Goods for sale coming into the city had to pay a toll at various entrances (known as ‘gaps’ ). Toll booths were situated at Forster Street, Merchant’s Quay, Bohermore Gap, West Crane, Railway Gap, Newcastle Gap and Woodquay. The toll booth at Woodquay can be seen in front of the park to the far left of our first photograph. The tolls collected here for October 1903 amounted to £36 17s 9d, and for April 1904, £48 3s 10d. Long ago there was a charge of one farthing on each hide of ox, cow, horse or mare, fresh or tanned. A halfpenny was charged for every 100 skins of wolves, squirrels, wildcats or hares. The charge for a horse load of fish was a penny, and for a salmon, it was a farthing.

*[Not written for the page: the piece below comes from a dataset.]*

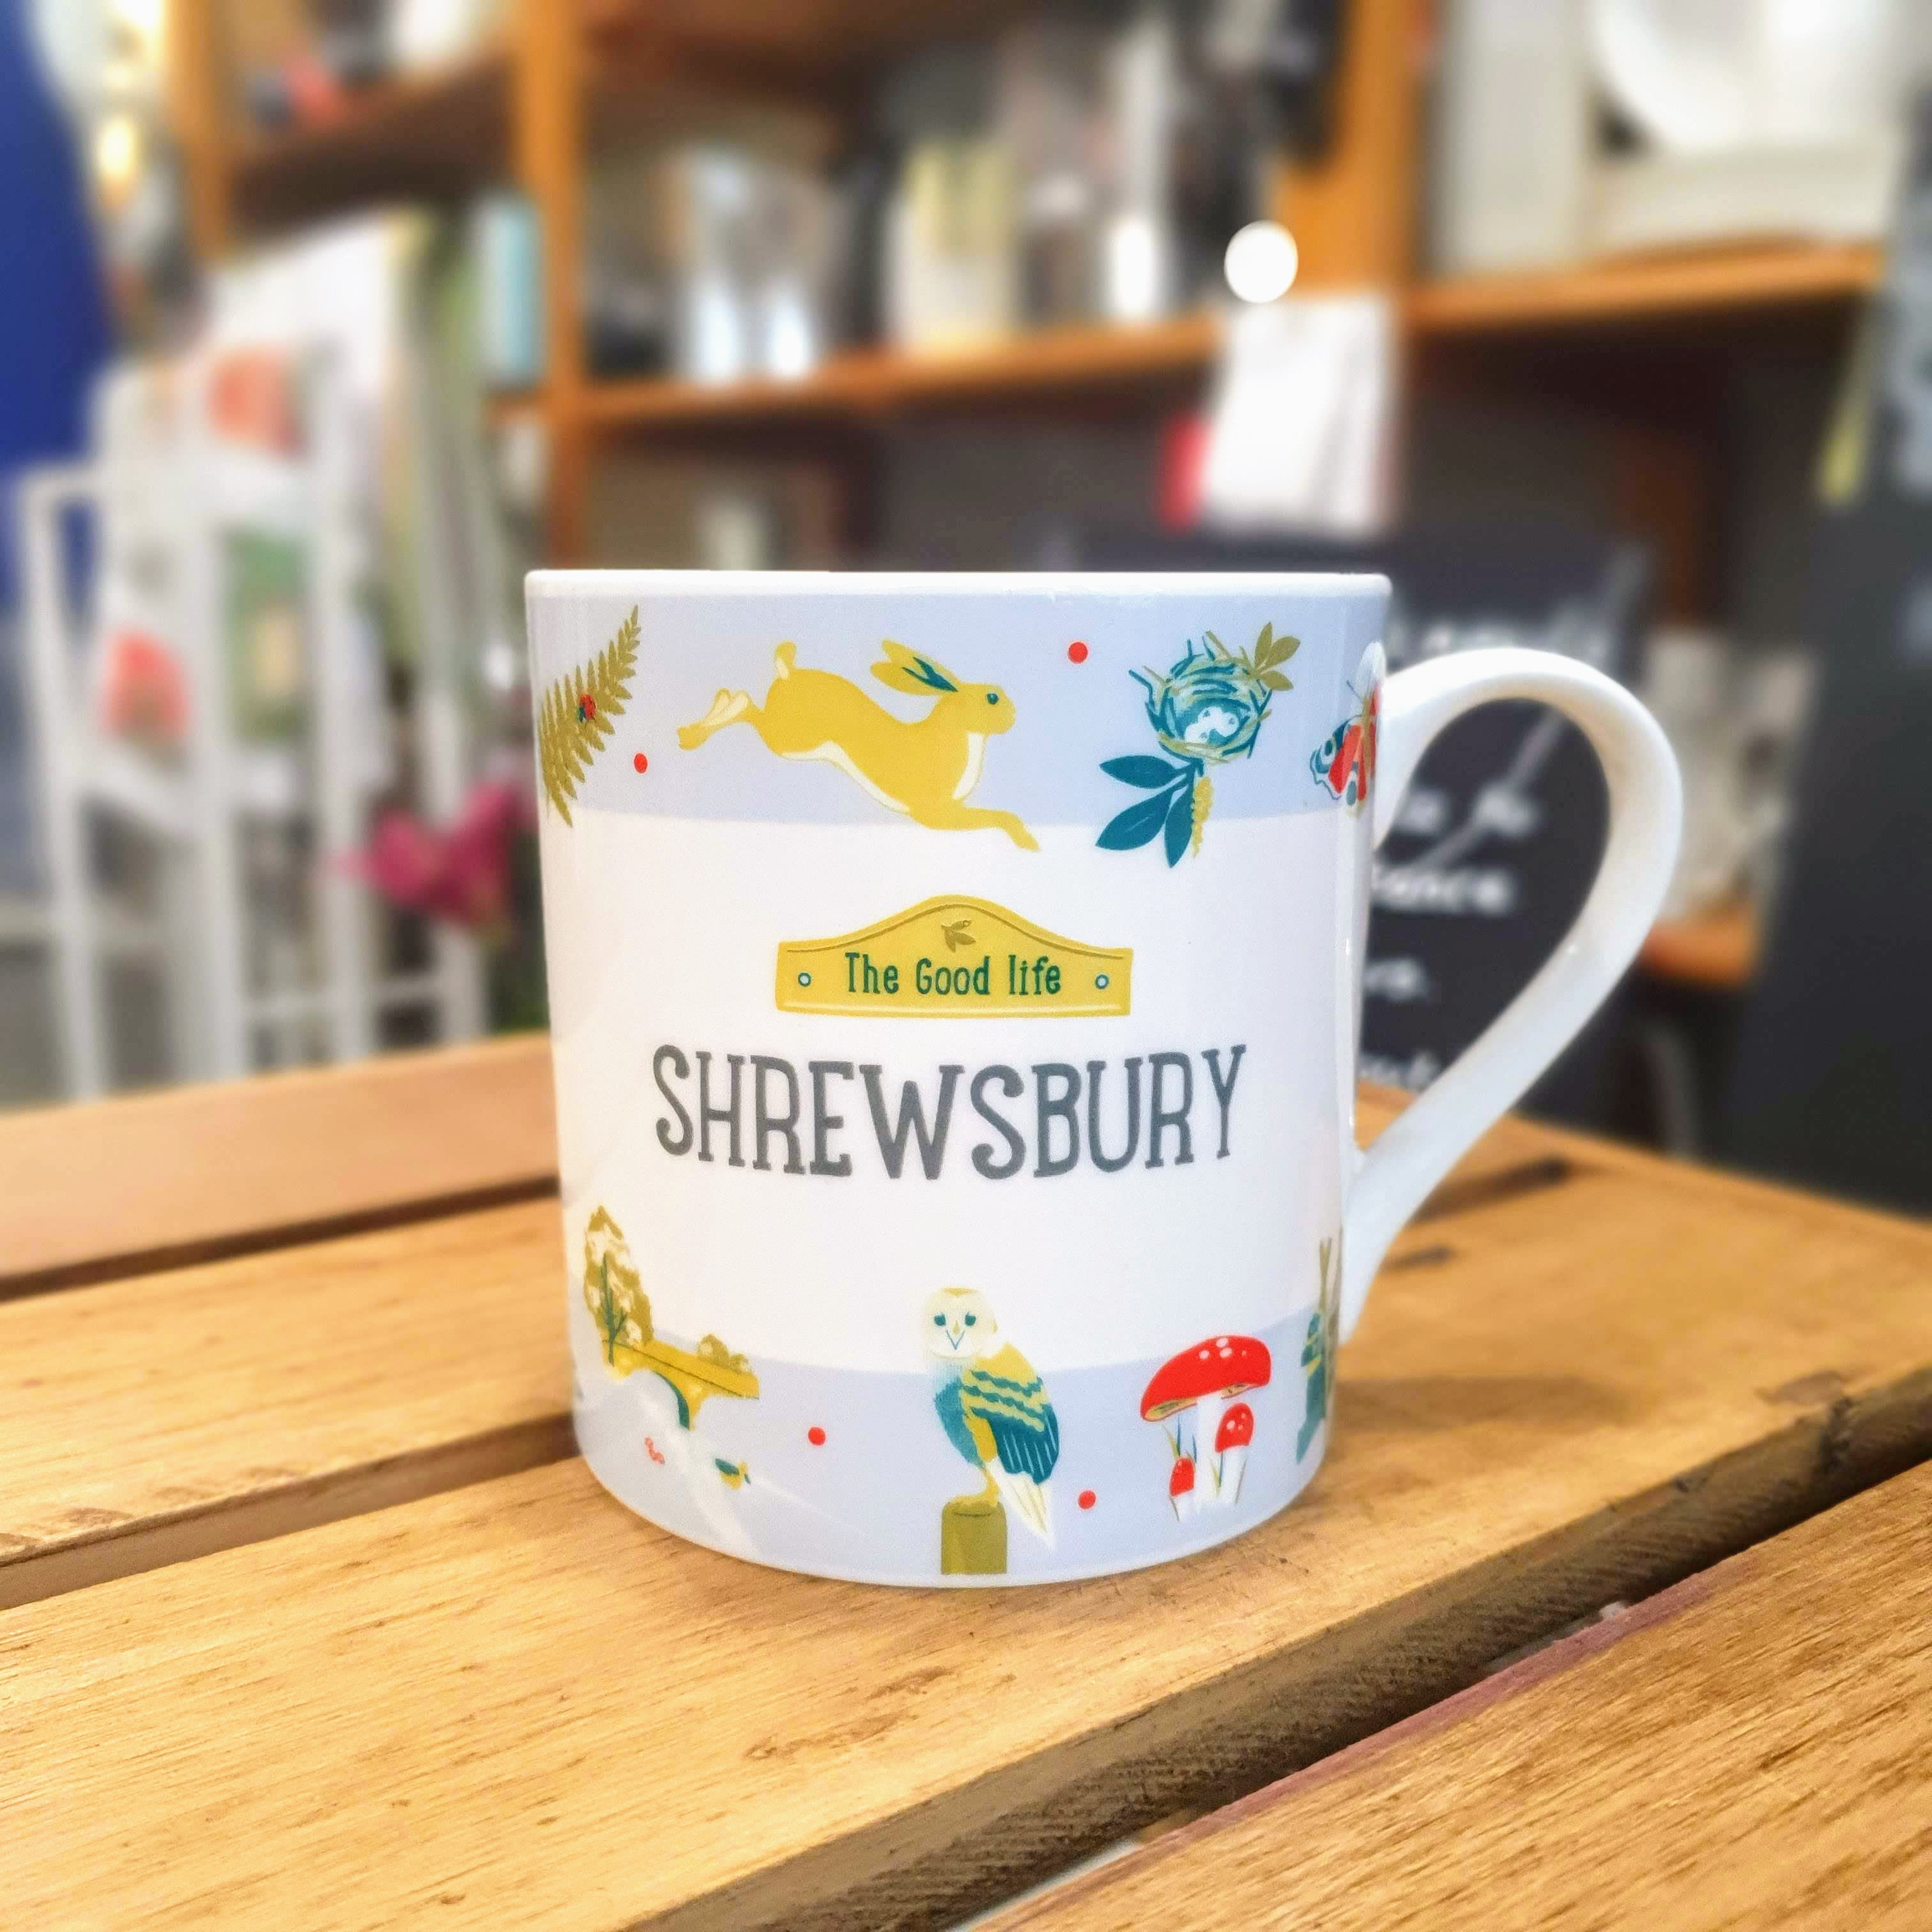 Shrewsbury good life china mug

There was a small crane just out of picture to the left of the toll booth which was used for weighing potatoes. You can see some of the houses on Corrib Terrace in the background. The people we see in that image were selling scallops for thatching, ‘flexible sticks’ cut from hazel trees. These were very much in demand as so many houses in the city, including Woodquay were thatched. The man who is seated on the left was a basket maker who would weave creels, ciseáins, skibs and baskets of many shapes and sizes for sale to the public. Often, his customers would buy a basket to take home the produce they had bought at the market. This photograph was originally taken by Kevin Danaher c1935 and is shown courtesy of the Irish Folklore Commission.

Our second photograph was taken at the upper end of Woodquay, near the corner of Eyre Street. It dates from 1902 and was taken from roughly where McSwiggan’s is today. This area was the scene of the egg and butter market where women brought in baskets of eggs their hens had laid, or wrapped slabs of ‘country’ butter, butter they had made at home. This was usually a bit slatier and much richer than the butter we buy in the supermarket today. Eventually, the Health and Safety people began to put pressure on these women to install all sorts of new equipment in their kitchens in order to be able to sell their butter and so the tradition died out. I still miss the taste of it though.

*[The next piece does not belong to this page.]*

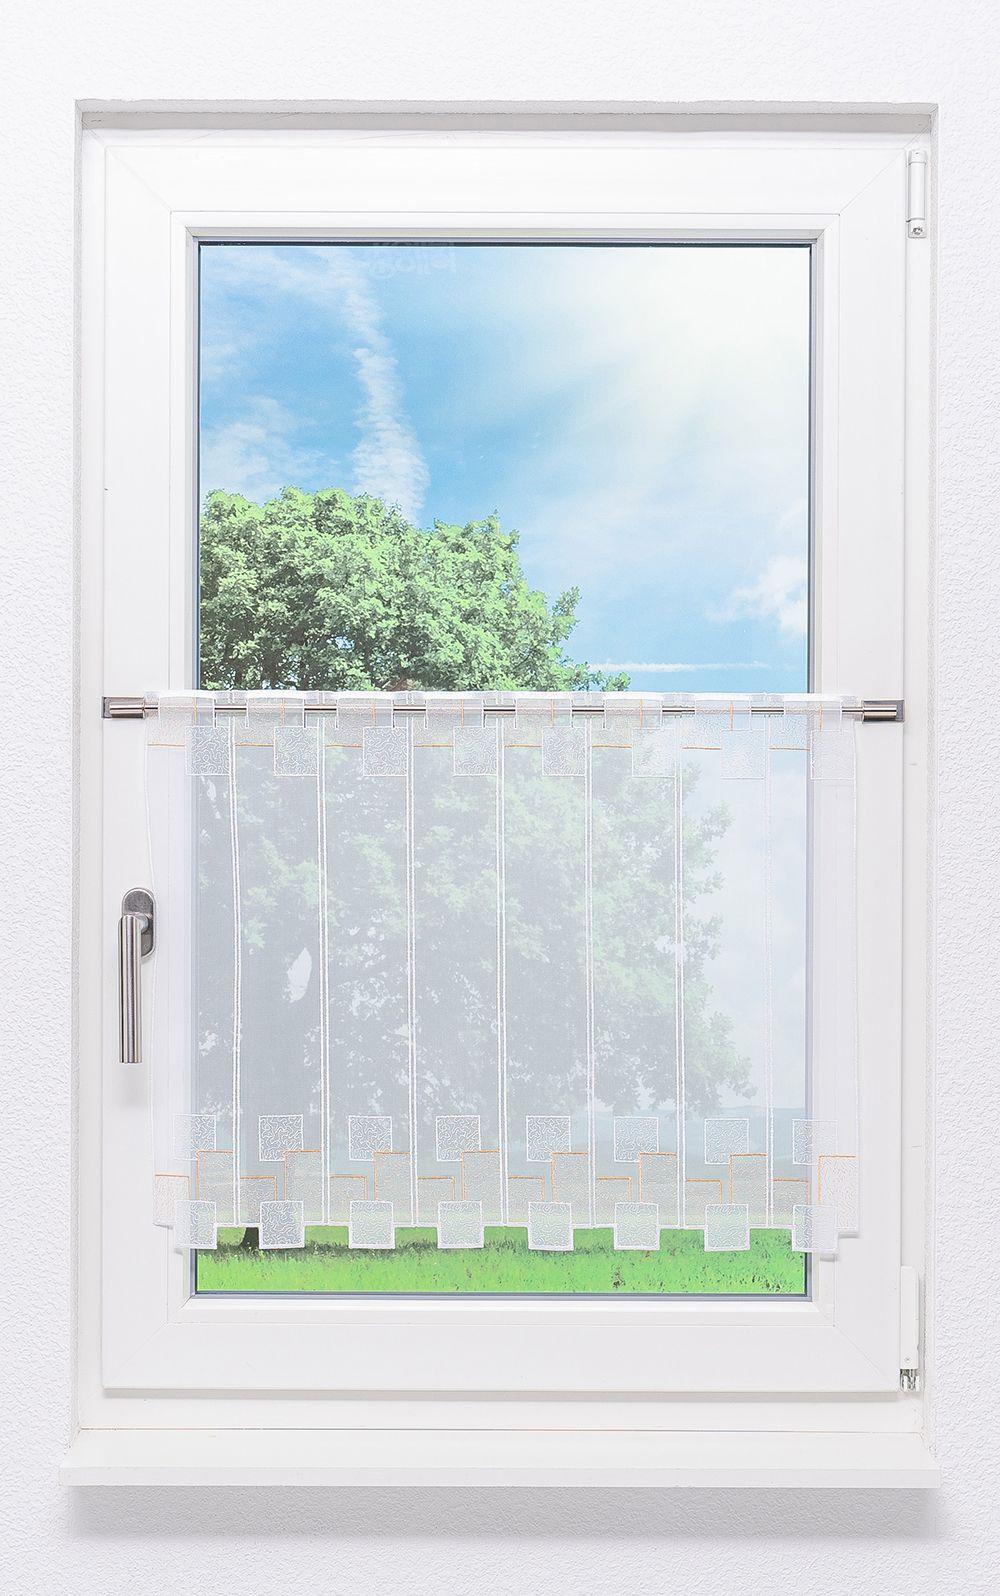 plauener spitze scheibengardinen blocks wei gold ebay. Black Bedroom Furniture Sets. Home Design Ideas

The bodies of the carts we see would have been painted bright blue, while the shafts were painted red. The animal pulling the cart was generally an ass or an un-groomed pony. The harness was usually made up of rope with old bits of leather here and there.

The derelict site behind the women was later built on and became Creavin’s Boot Shop. The building next to it was Miss Paisley’s boarding house and beside that was O’Halloran’s. Next to that was Dooley’s shop and yard. They had a mineral water company here and a natural well on the premises. They also made pikes and pitchforks. Beyond that was Murphy’s Pub, then Tim Lally’s Pub and then Glynn’s house.

This photograph was kindly given to us by the Library of Congress in Washington.

By the 1960s, the Woodquay market was in decline and by the 1980s there were only a handful of traders making a weekly appearance there, and so another local tradition gradually faded away.